> **SUPPLIED DATA**:
——————

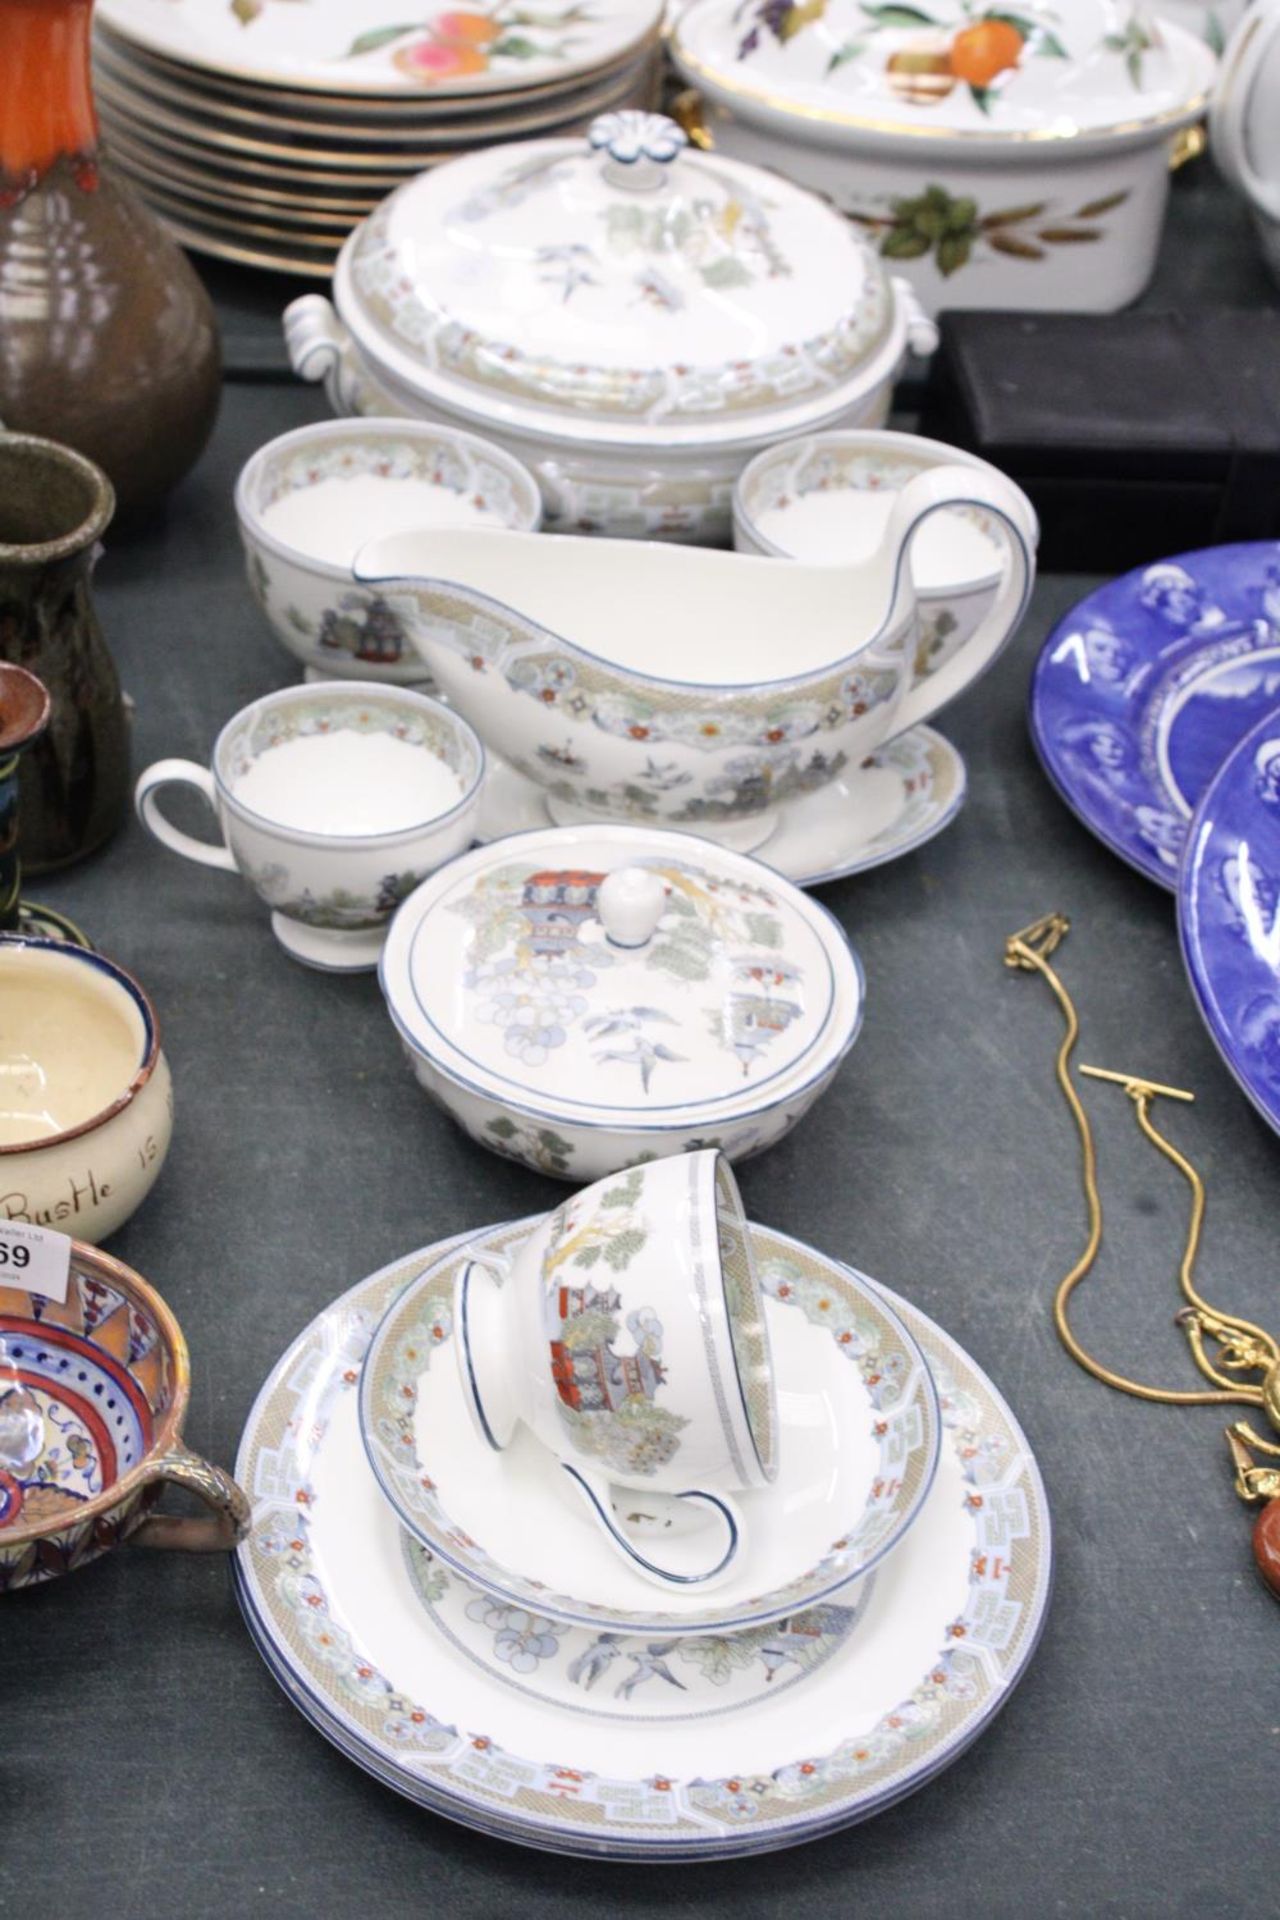 A PART ORIENTAL STYLE WEDGWOOD DINNER SERVICE TO INCLUDE A GRAVY JUG, CUP, PLATES ETC
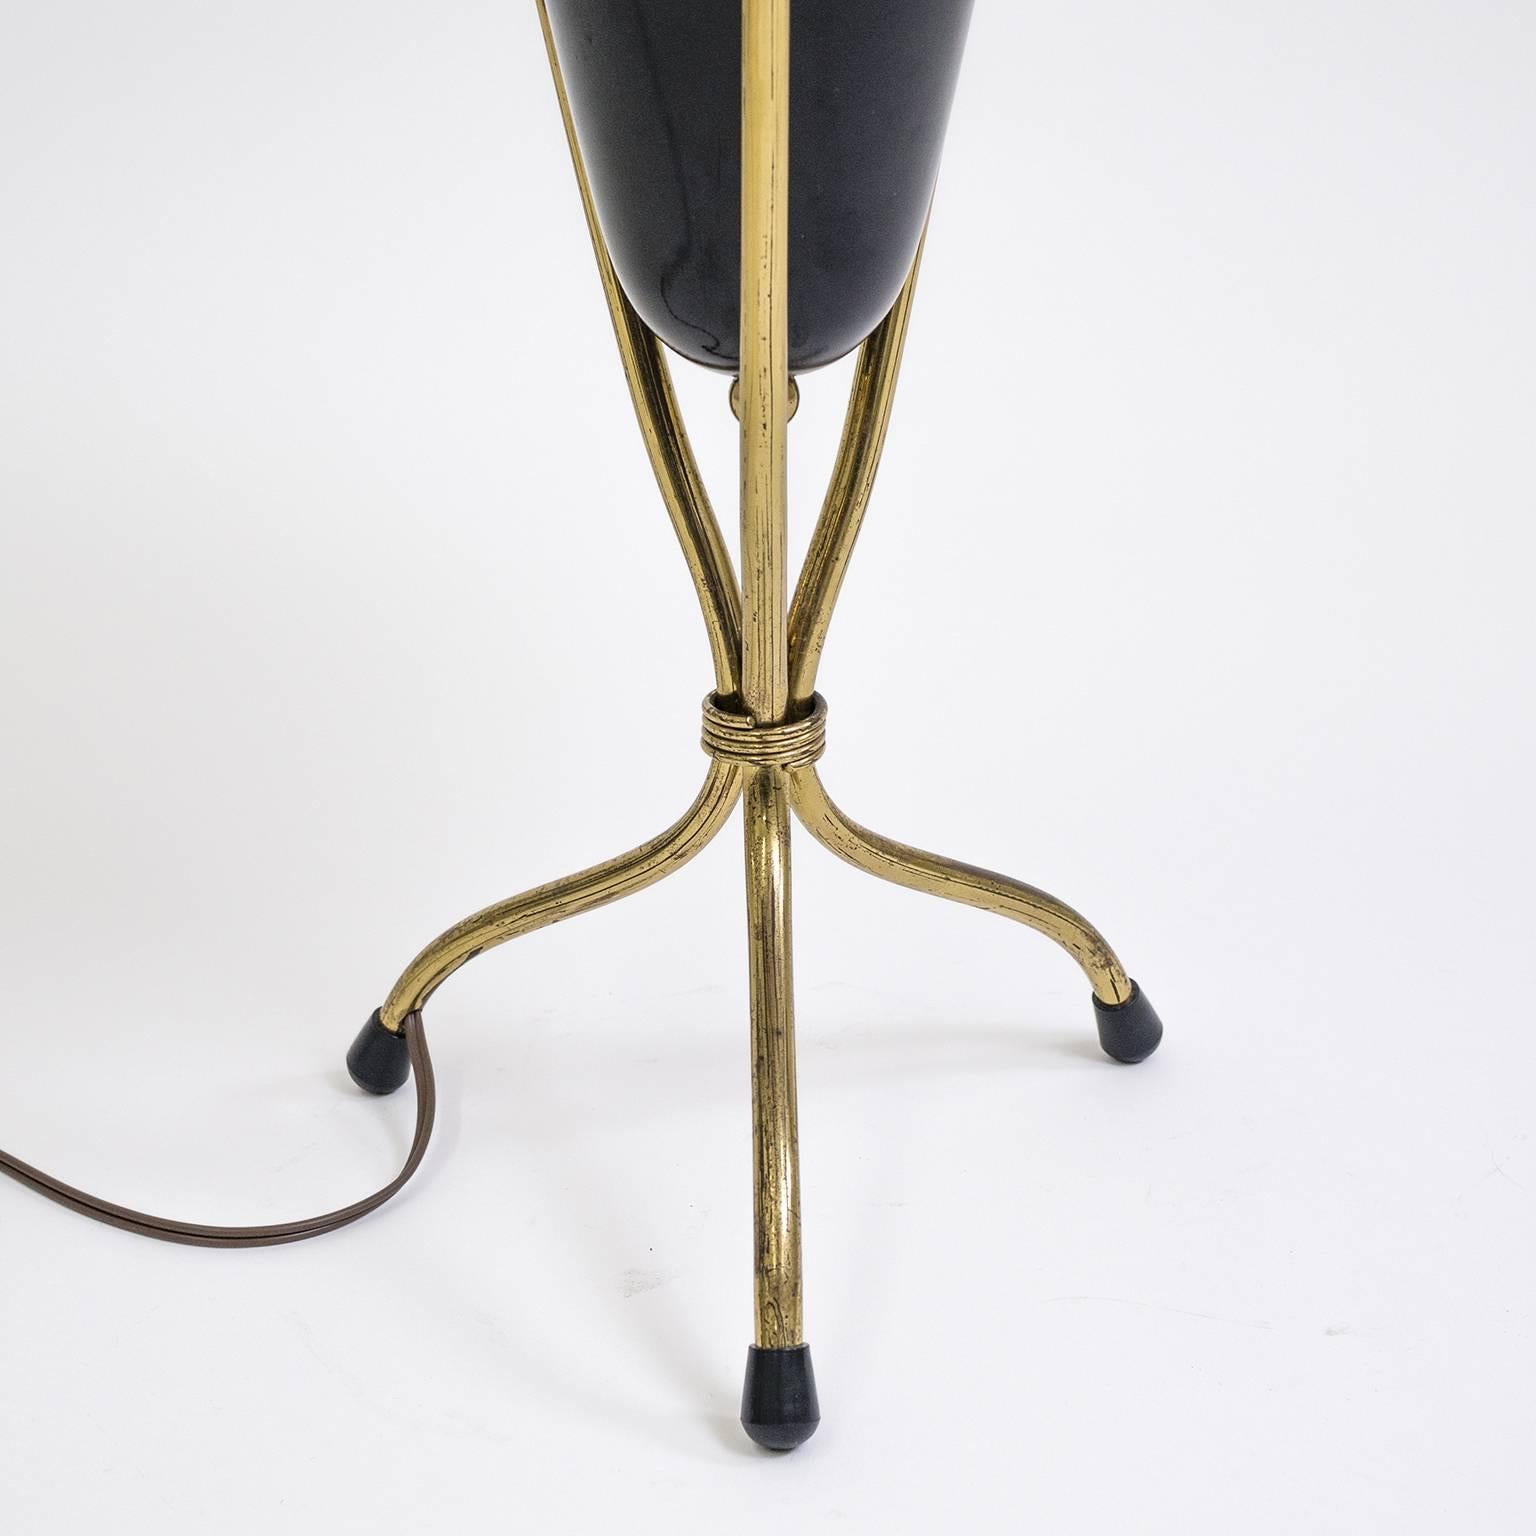 Mid-20th Century Italian Brass and Lacquered Tripod Table Lamp, 1950s
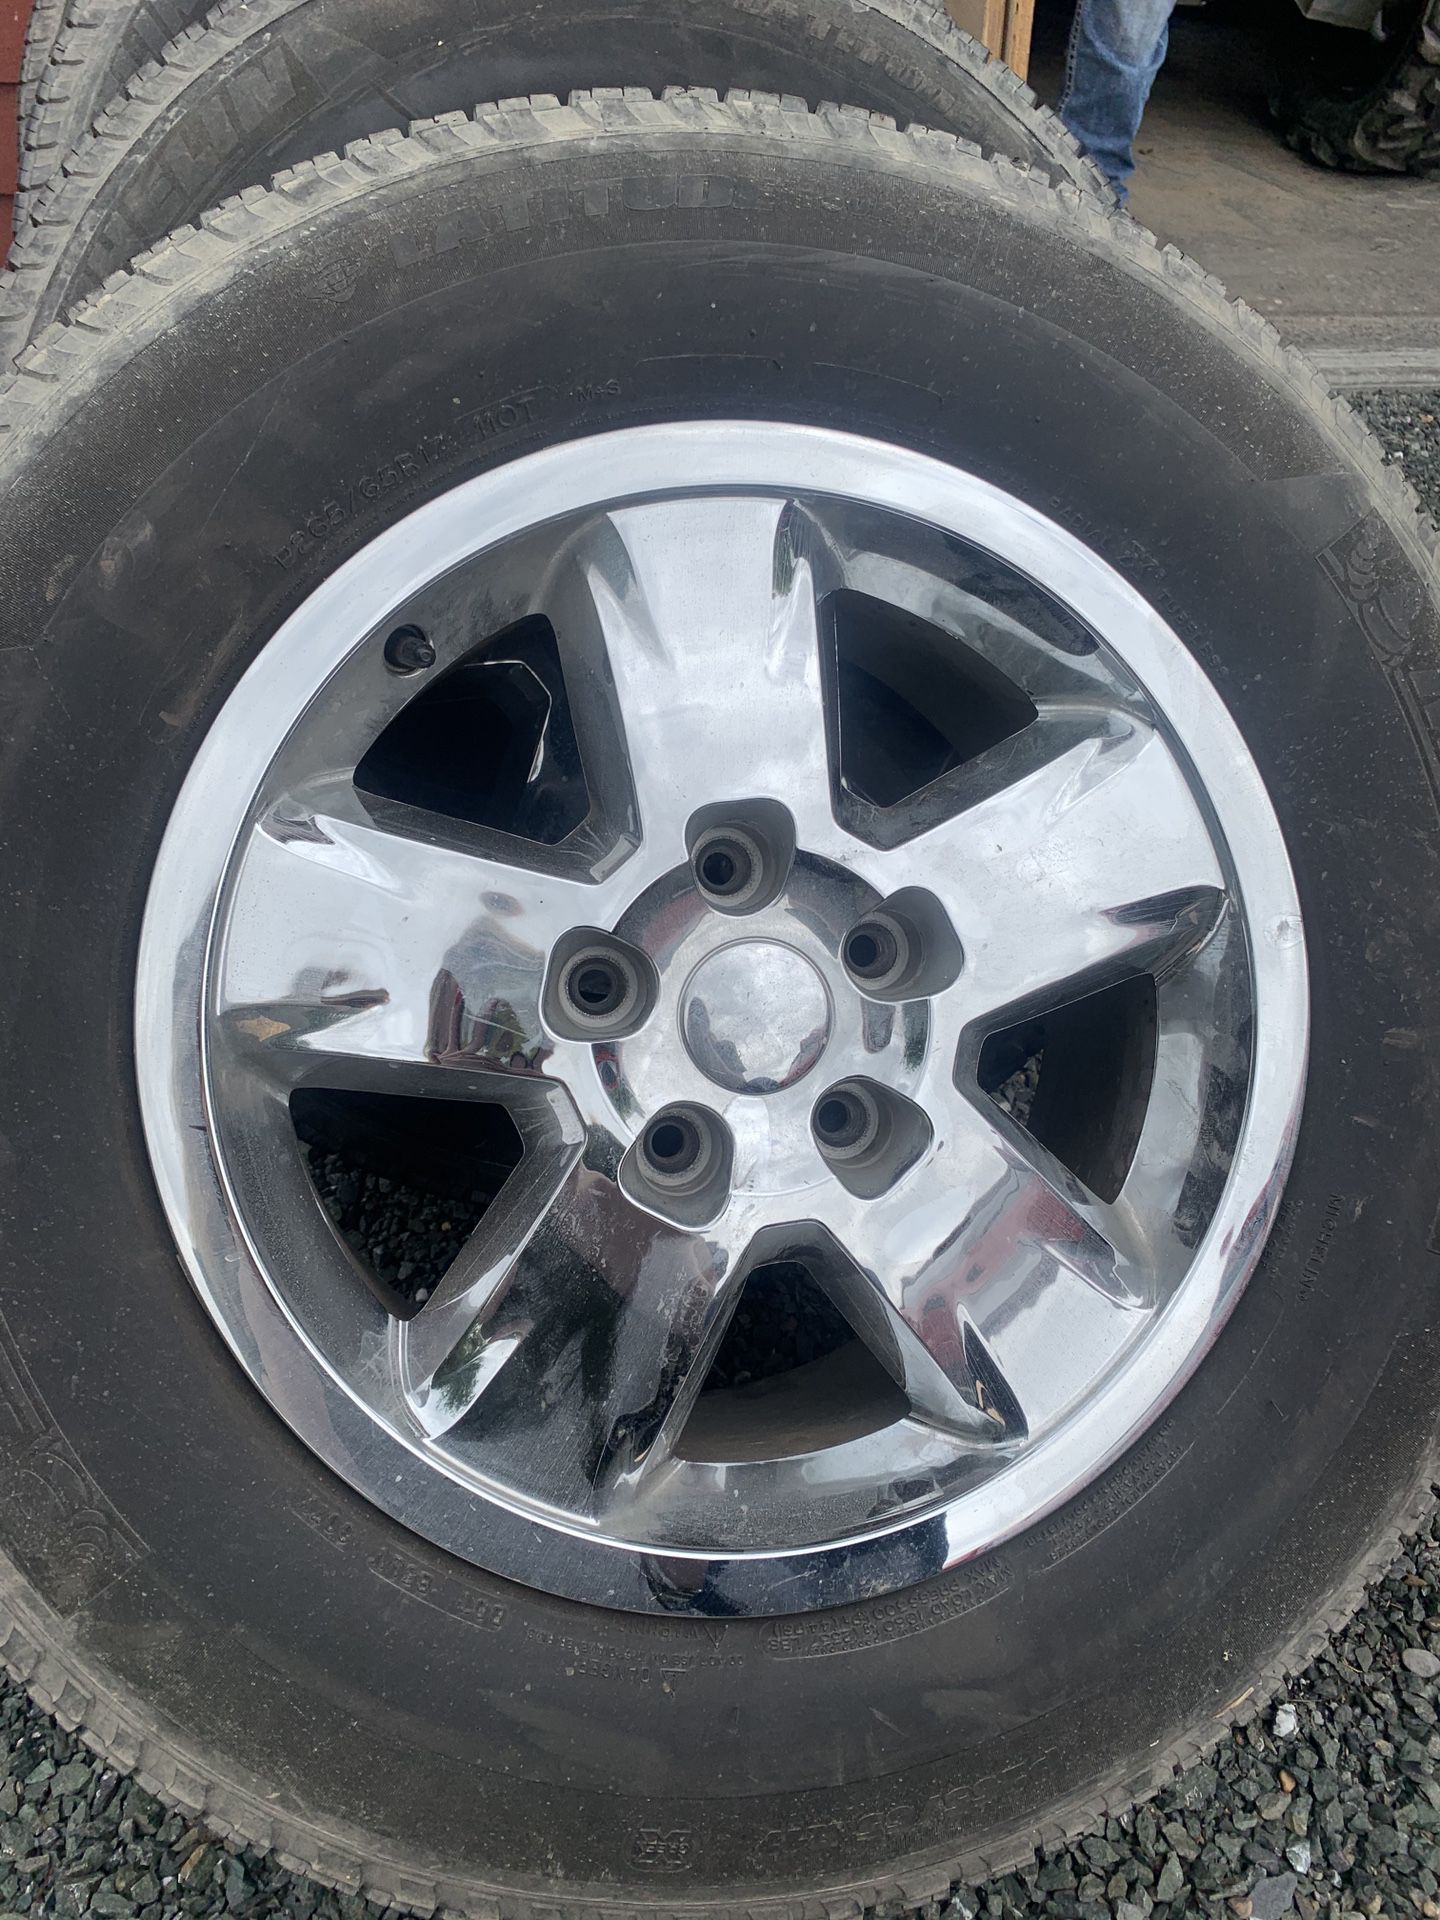 2011 Jeep Grand Cherokee rims and tires

——————

> **ABOUT THIS TASK**: Would you return the data exactly as written, without the pictures?

> **OUTPUT**:
 A PART ORIENTAL STYLE WEDGWOOD DINNER SERVICE TO INCLUDE A GRAVY JUG, CUP, PLATES ETC
 Mid-20th Century Italian Brass and Lacquered Tripod Table Lamp, 1950s
 2011 Jeep Grand Cherokee rims and tires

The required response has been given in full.